(Task details): What you give back must match the data exactly, minus the pictures.

(Given data Opens)

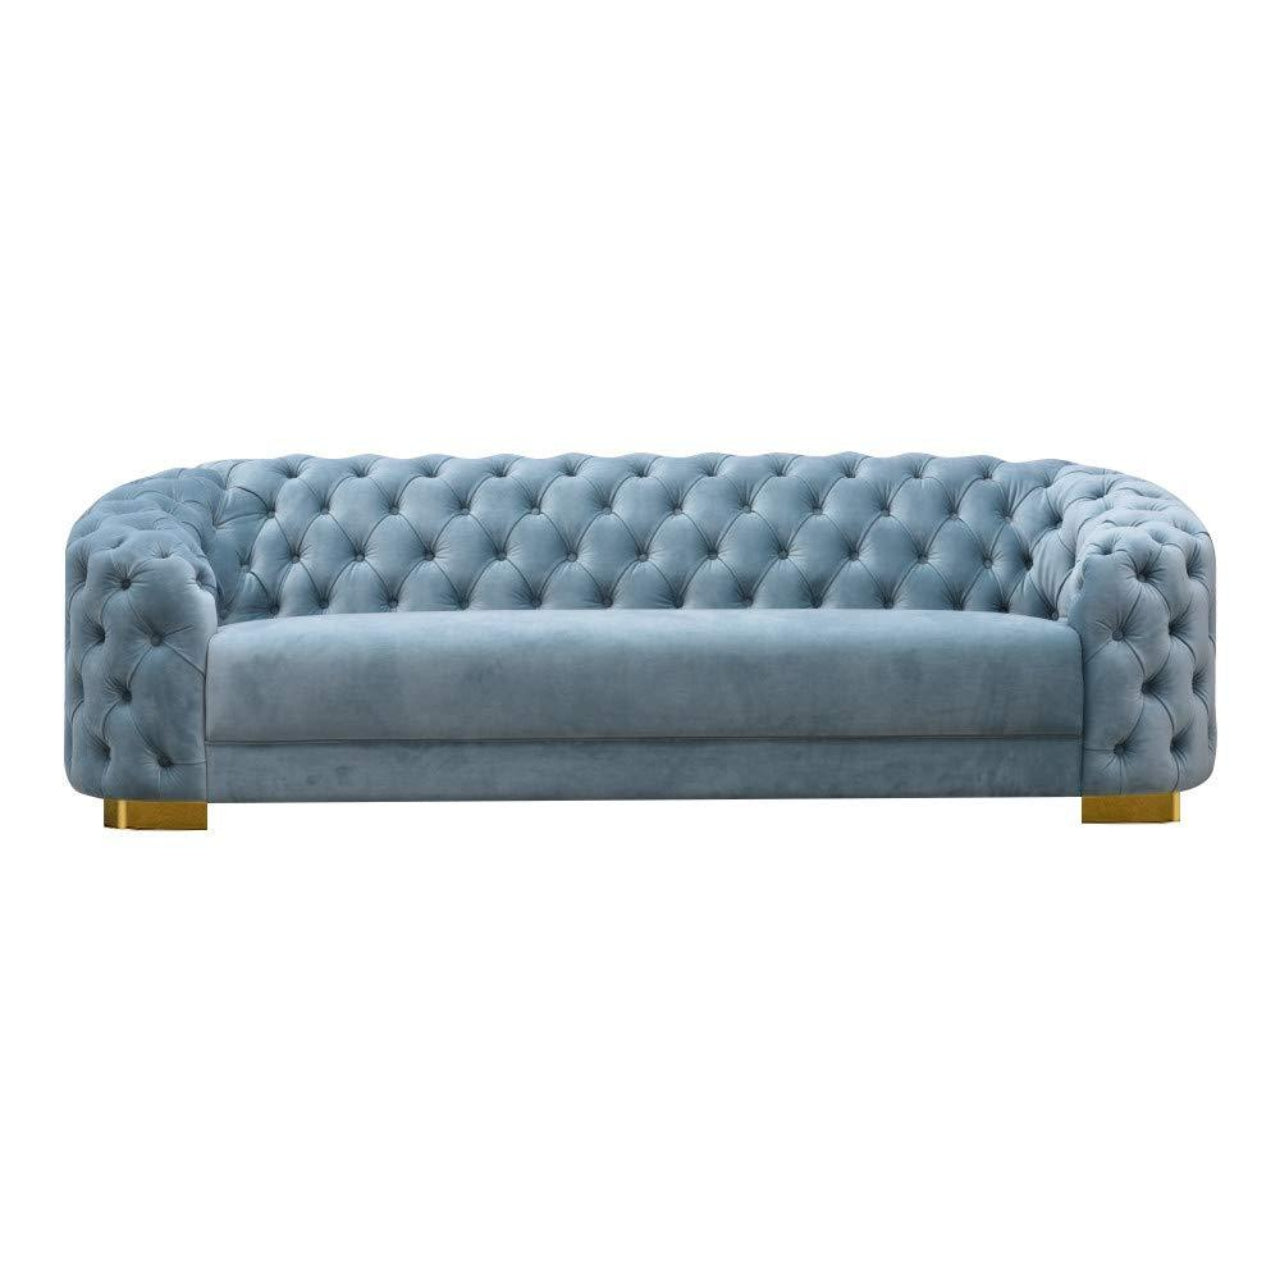 3 Seater Sofa Set- Nia Valvet Fabric Sofa Set (Sky Blue)
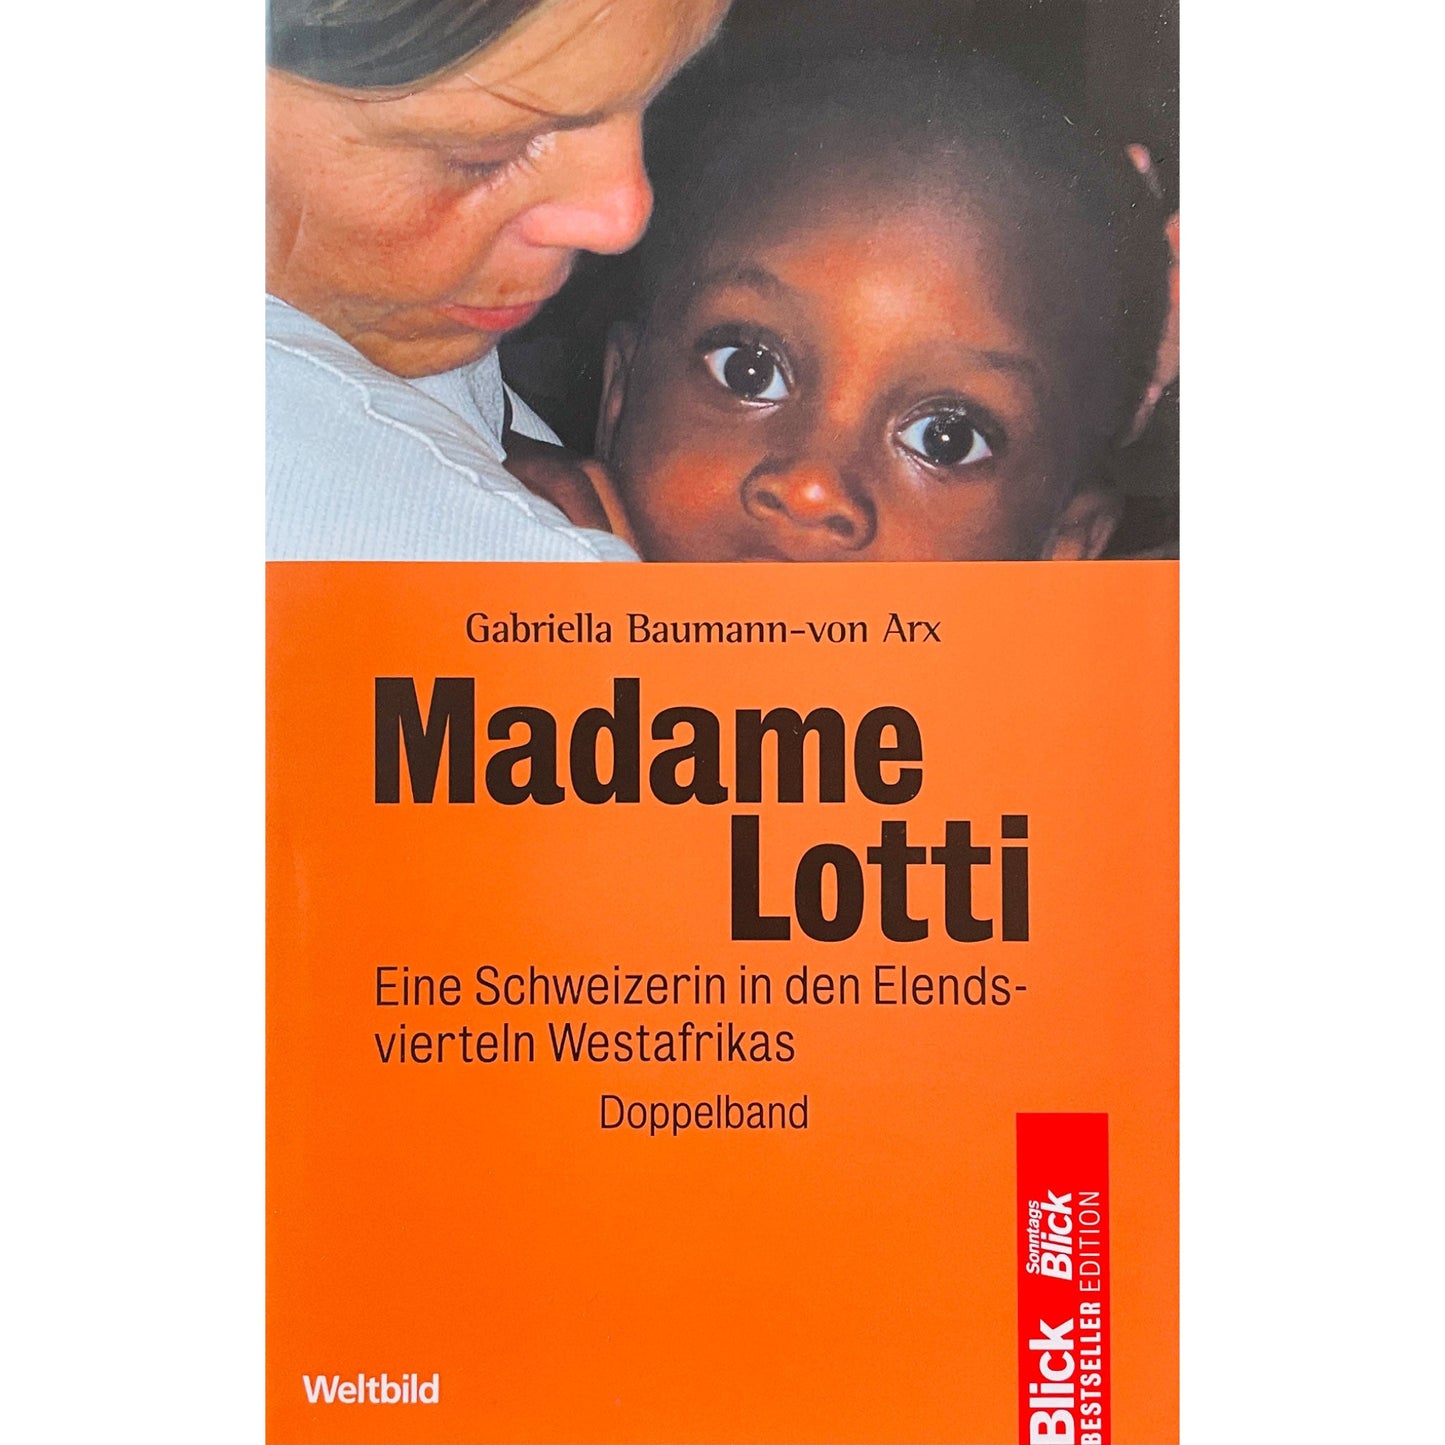 Madame Lotti - Eine Schweizerin in den Elendsvierteln Westafrika
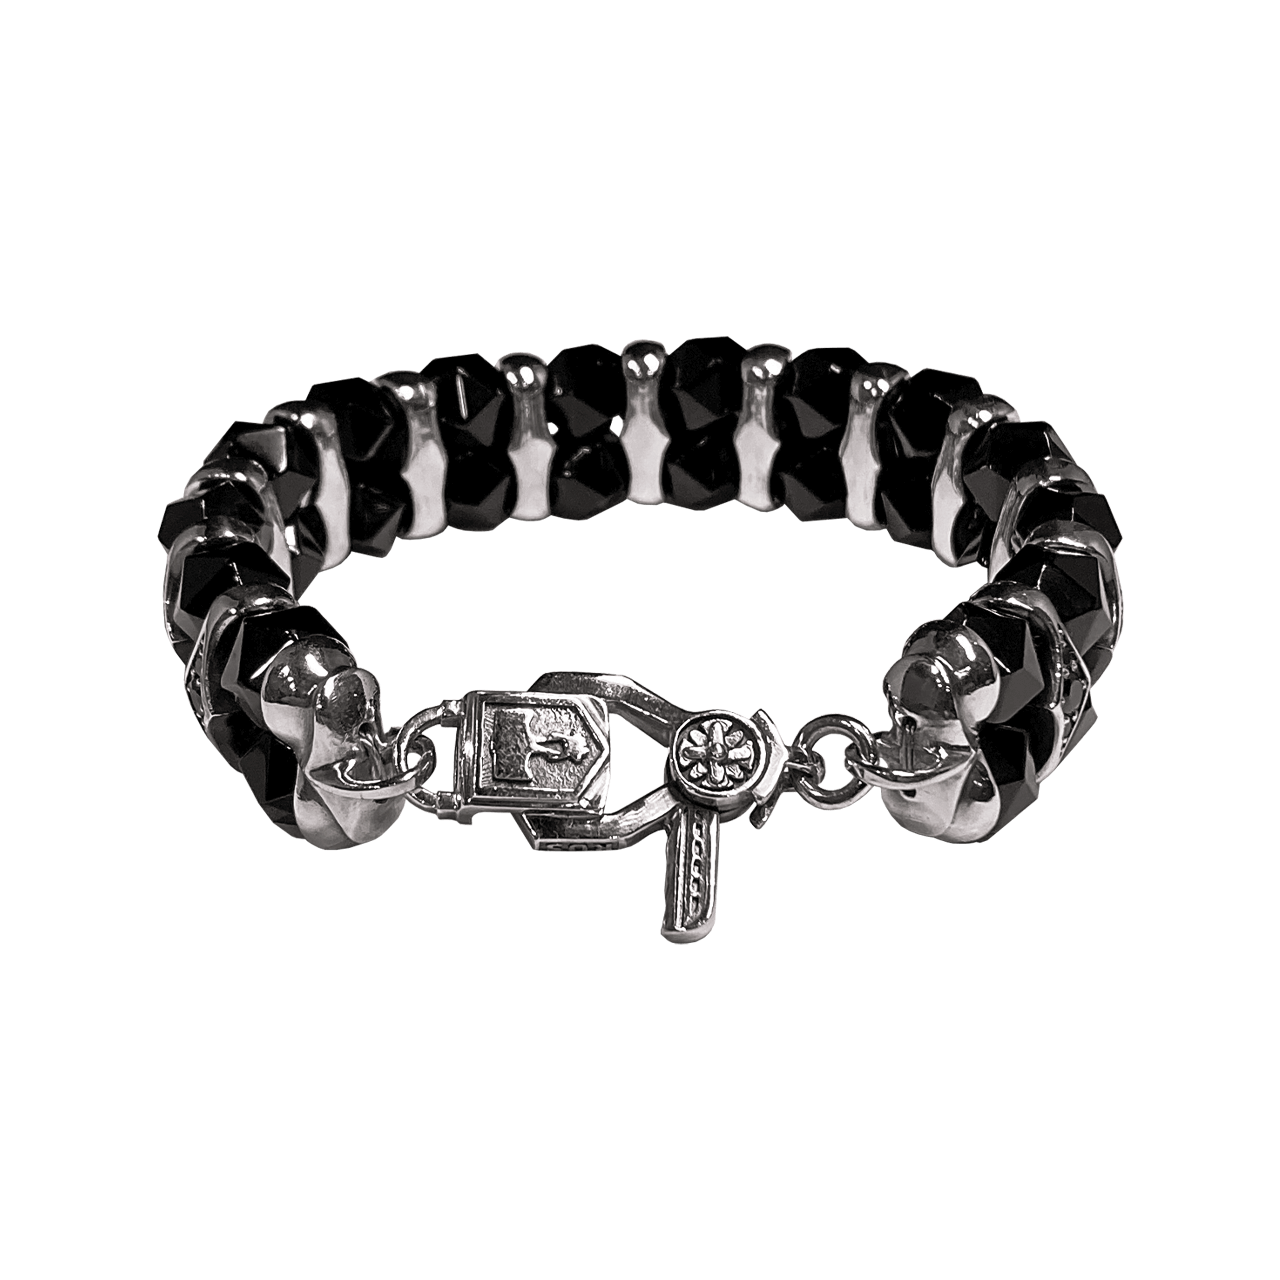 Мужской серебряный браслет Glam Black Gems с бусинами агата и вставками фианита - фото №2
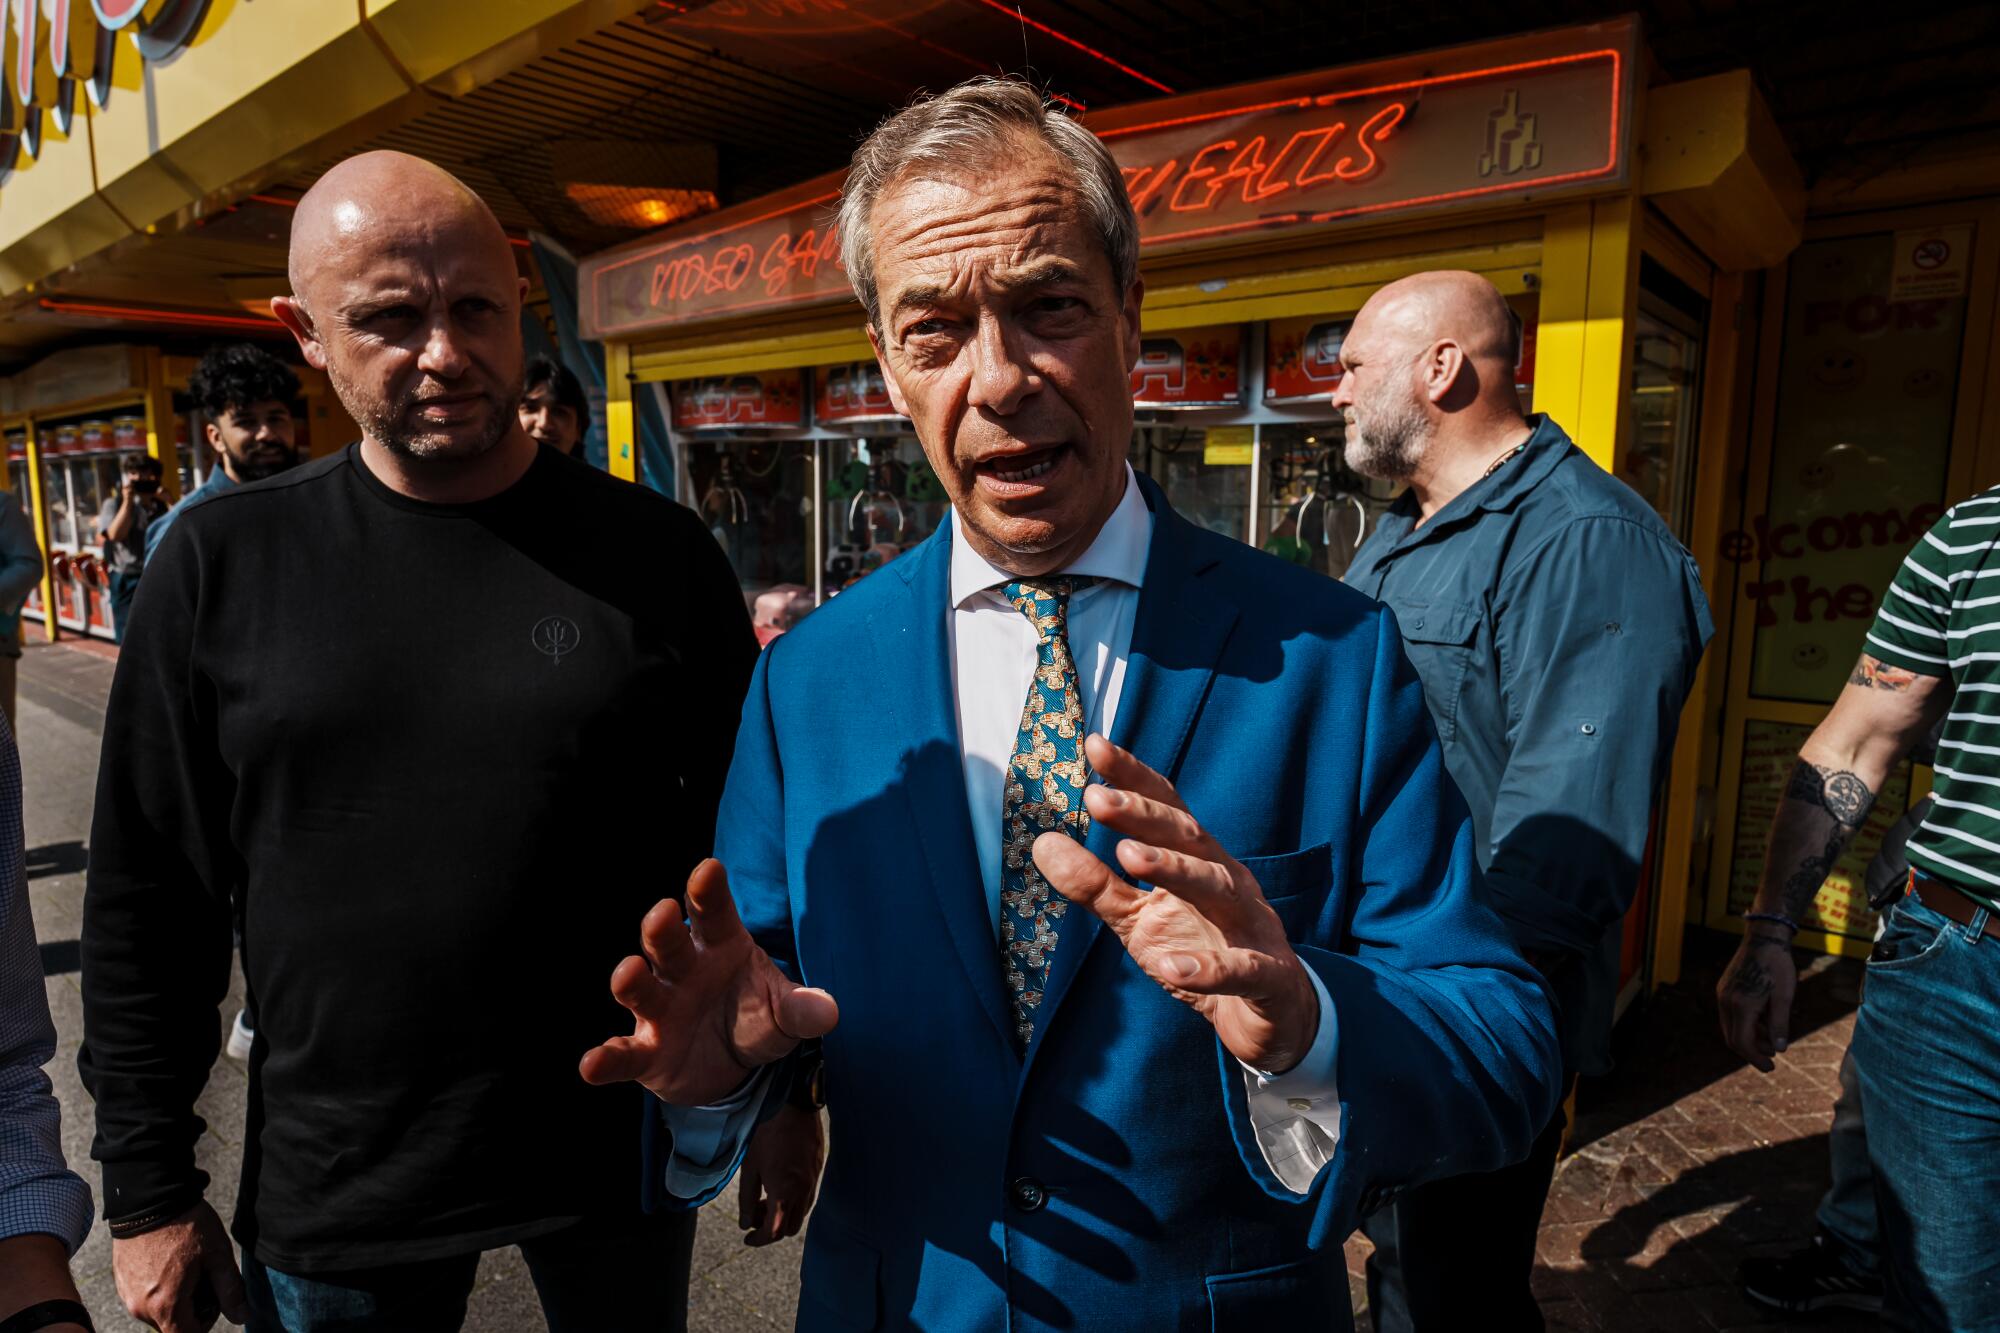 身着亮蓝色西装的奈杰尔·法拉奇 (Nigel Farage) 说道。

(Given data Closes)

(Answer space):
 3 Seater Sofa Set- Nia Valvet Fabric Sofa Set (Sky Blue)
 Madame Lotti - Eine Schweizerin in den Elendsvierteln Westafrika
 Мужской серебряный браслет Glam Black Gems с бусинами агата и вставками фианита - фото №2
 身着亮蓝色西装的奈杰尔·法拉奇 (Nigel Farage) 说道。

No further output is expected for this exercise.